Teradata Certified Master responds to readers' technical inquiries with a personal touch.
by Carrie Ballinger, senior database analyst, Teradata Certified Master
Not having a television in our home until I was 10, I grew up loving to read. Even today, I have two or three books going at any point in
time. I'd like to turn that old adage "A picture is worth a thousand words" on its head. To my way of thinking, "Several well-expressed words
are worth thousands of pictures."
My appreciation of the written word is one reason I enjoy putting together this column of technical questions that I have received and
responses I have given. But in case you don't share my affection for the written word, I've thrown in a few graphics to help illustrate my
points.
Collecting statistics on dictionary tables
Dear Carrie: I've been regularly collecting statistics on several data dictionary tables for the last six
months. During this time I've noticed a drop in our platform's monthly CPU growth rate when compared against last year's CPU consumption of
the same month. I've also noticed about a 15% reduction in my canary query average response times. Since it only takes two minutes to do the
collection, we've made dictionary statistics collection part of our normal routine.
We've gotten many homegrown applications that hit the data dictionary tables, often once per query. I've seen up to 5,000 queries against the
data dictionary tables in Database Query Log (DBQL) on some days. Because some of these queries run a long time and require a large amount of
spool, they can interfere with other queries. By collecting statistics, we've been able to reduce the resources that those queries require.
I haven't seen this approach recommended anywhere—are there any trade-offs I need to be aware of?
—Statistically Speaking
Dear Speaking: If you are seeing CPU reduction and response-time improvements from collecting statistics on
data dictionary tables, then you should continue this process. Application packages or requests originating from business intelligence (BI)
tools often include some behind-the-scenes dictionary accesses for validation or information checks.
All of the database modules that require information from the dictionary tables (such as the parser, optimizer or logon routines) make use of
express requests. These requests are highly optimized, single-AMP access queries. Therefore, collecting statistics on data dictionary tables
will not benefit any of the database's internal activities; rather, the benefit is targeted to SQL submitted directly by a user or application.
Any potential benefit from collecting statistics will depend on the amount and complexity of the dictionary access activity. Using DBQL to
make such an assessment worked well for you and is a good starting point for other Teradata users contemplating similar actions. One obstacle
that some sites have faced, however, is that the DBC logon is required to collect against dictionary tables.
Also remember that only the hashed dictionary tables allow statistics collections. This eliminates tables such as DBC.Acctg or
DBC.DatabaseSpace from consideration. (See figure 1, above.)

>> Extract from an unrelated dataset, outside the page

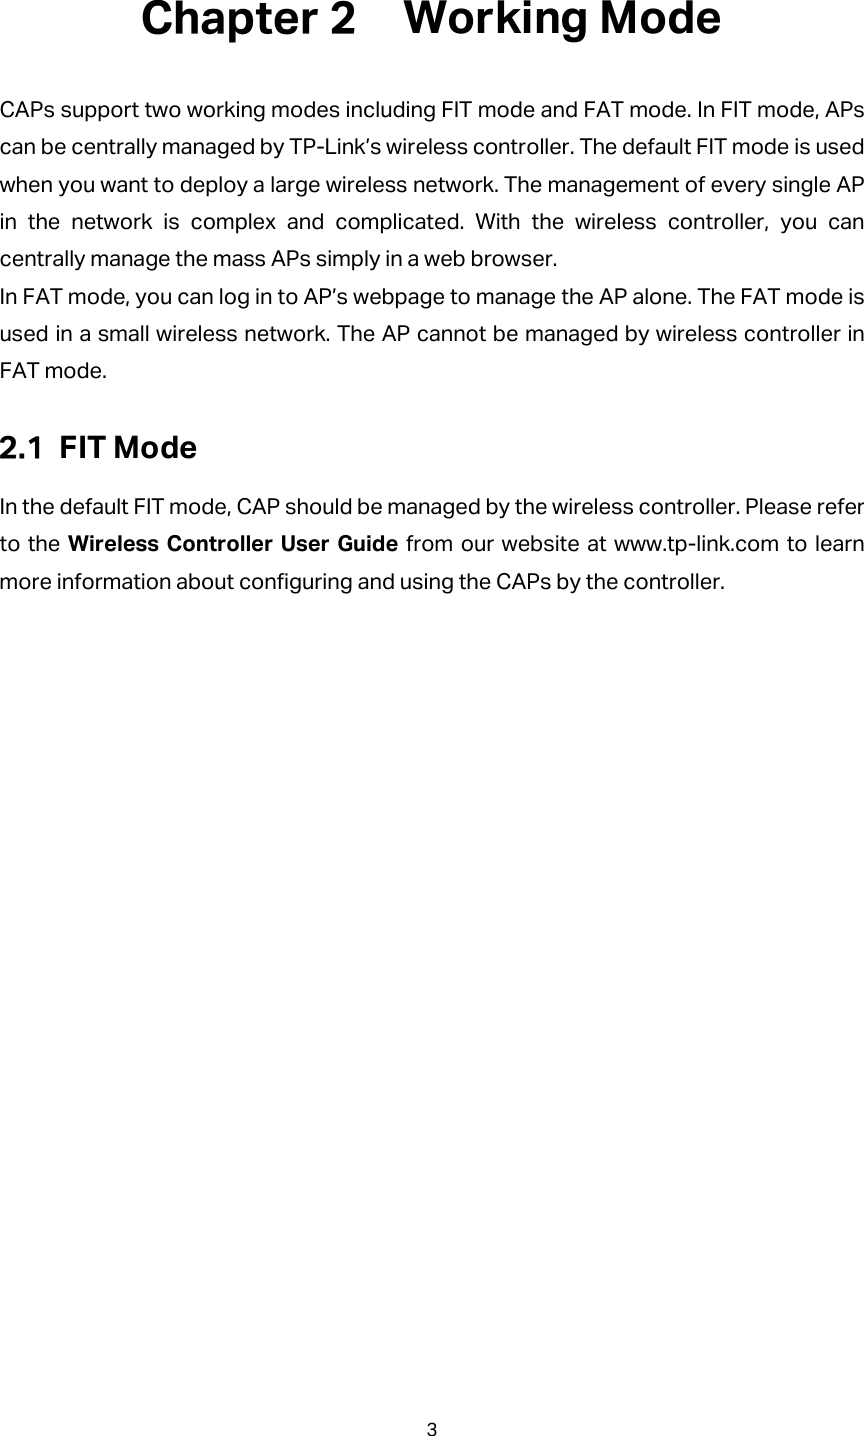  Working Mode CAPs support two working modes including FIT mode and FAT mode. In FIT mode, APs can be centrally managed by TP-Link’s wireless controller. The default FIT mode is used when you want to deploy a large wireless network. The management of every single AP in the network is complex and complicated. With the wireless controller, you can centrally manage the mass APs simply in a web browser. In FAT mode, you can log in to AP’s webpage to manage the AP alone. The FAT mode is used in a small wireless network. The AP cannot be managed by wireless controller in FAT mode.  FIT Mode In the default FIT mode, CAP should be managed by the wireless controller. Please refer to the Wireless Controller User Guide from our website at www.tp-link.com to learn more information about configuring and using the CAPs by the controller. 3  
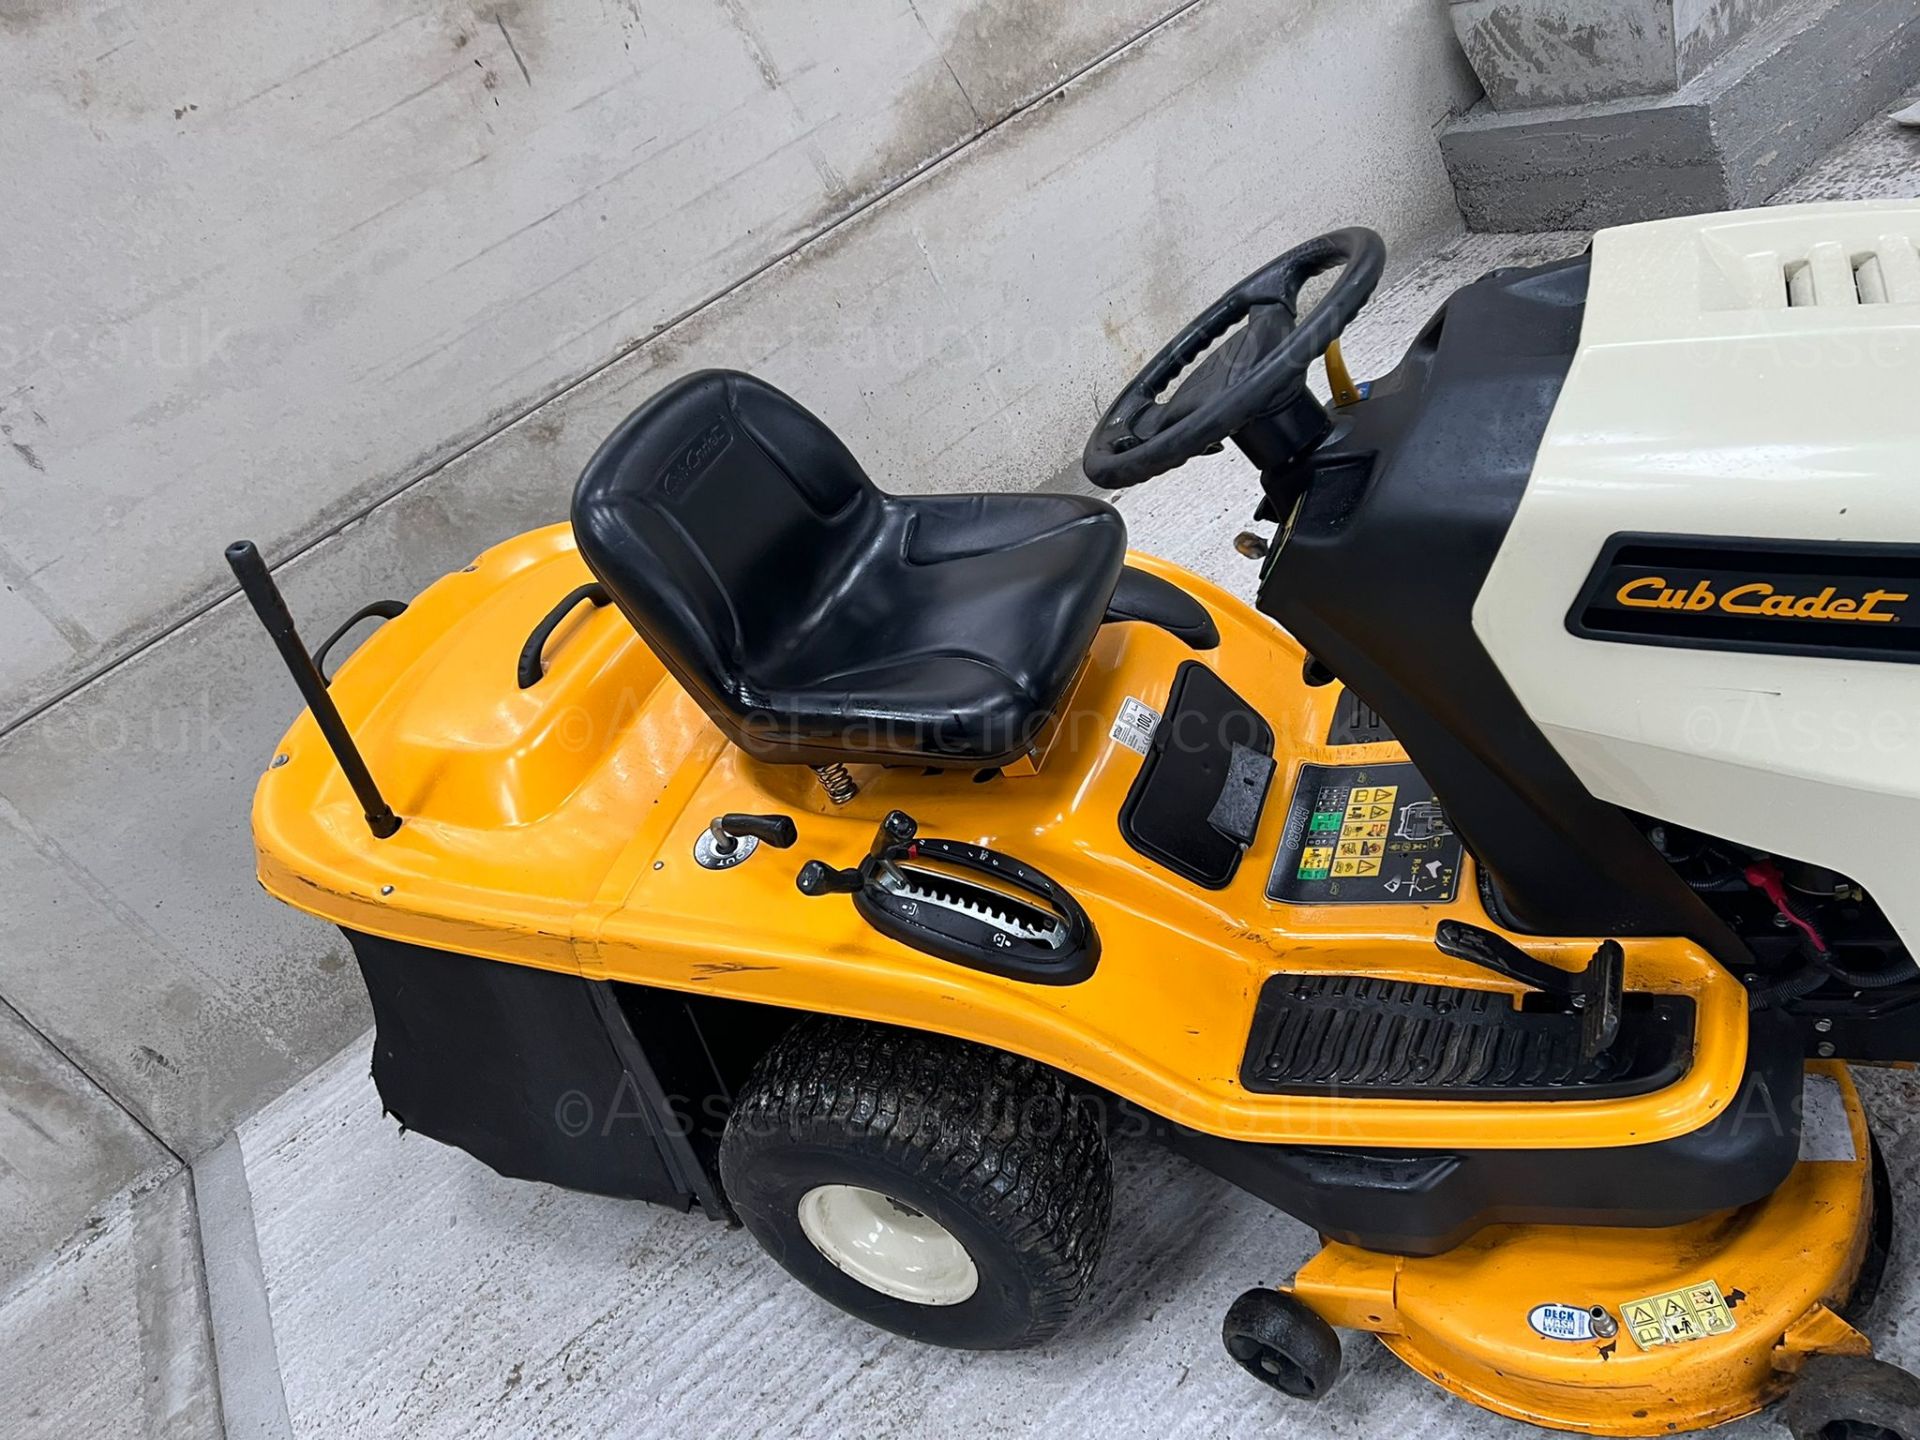 2015 CUB CADET 1020 RIDE ON LAWN MOWER, RUNS WORKS AND CUTS WELL, ONLY 250 HOURS FROM NEW *NO VAT* - Image 5 of 6

Not all companies find value in collecting statistics on the dictionary tables. The value will depend on the frequency and complexity of the
queries that access the dictionary tables, the amount of resource they use, and how long they run on your platform.
Before you decide whether to collect these new statistics, examine the DBQL output to understand if the resources used by queries accessing
the dictionary warrants collecting statistics on the dictionary tables.
Primary index (PI) and non-unique secondary index (NUSI) columns are always good candidates for statistics collection. Based on what you see
in DBQL, also consider collecting statistics on important selection columns. Keep in mind that the same guidelines for statistics collection
apply to data dictionary tables as to any user database tables.
Below is a list of common data dictionary tables that are candidates for statistics collection. Some Teradata sites have found that collecting
statistics on these tables provided value:
- DBC.TVM
- DBC.DBase
- DBC.TVFields
- DBC.AccessRights
- DBC.Indexes
- DBC.Profiles
- DBC.Owners
- DBC.Roles
- DBC.RoleGrants
- DBC.UDFInfo
The following non-hashed tables in the data dictionary do not support statistics collection:
- DBC.Acctg. Resource usage by Account/User
- DBC.ChangedRowJournal. Down-AMP recovery journal
- DBC.DatabaseSpace. Database and table space accounting
- DBC.LocalSessionStatusTable. Last request status by AMP
- DBC.LocalTransactionStatusTable. Last transaction consensus status
- DBC.OrdSysChngTable. AMP recovery journal
- DBC.RecoveryLockTable. Recovery session locks
- DBC.RecoveryPJTable. Permanent journal recovery
- DBC.SavedTransactionStatus. AMP recovery table
- DBC.SysRcvStatJournal. Recovery, reconfig, and startup information
MaxLoadTasks setting and Utility Throttles
Dear Carrie: We're on Teradata Database V2R6.2. To support a higher number of load jobs on our platform,
I've set the MaxLoadTasks parameter at greater than the default of 15.
I know that enabling a Utility Throttle to control concurrency of either FastLoad or MultiLoad jobs will override the MaxLoadTasks setting.
If a Utility Throttle is enabled only to control concurrent FastExport jobs, will that cause MaxLoadTasks to be ignored as well?
—Loading up
Dear Loading: In release V2R6.2, the presence of any type of Utility Throttle—including a throttle on
FastExport jobs—will prevent your MaxLoadTasks parameter from being enforced. When combined with a MaxLoadAWT setting that is greater than
zero, the MaxLoadTasks parameter allows you to establish a load job limit higher than the default of 15. For FastLoad and MultiLoad combined,
this limit may be increased to as high as 30.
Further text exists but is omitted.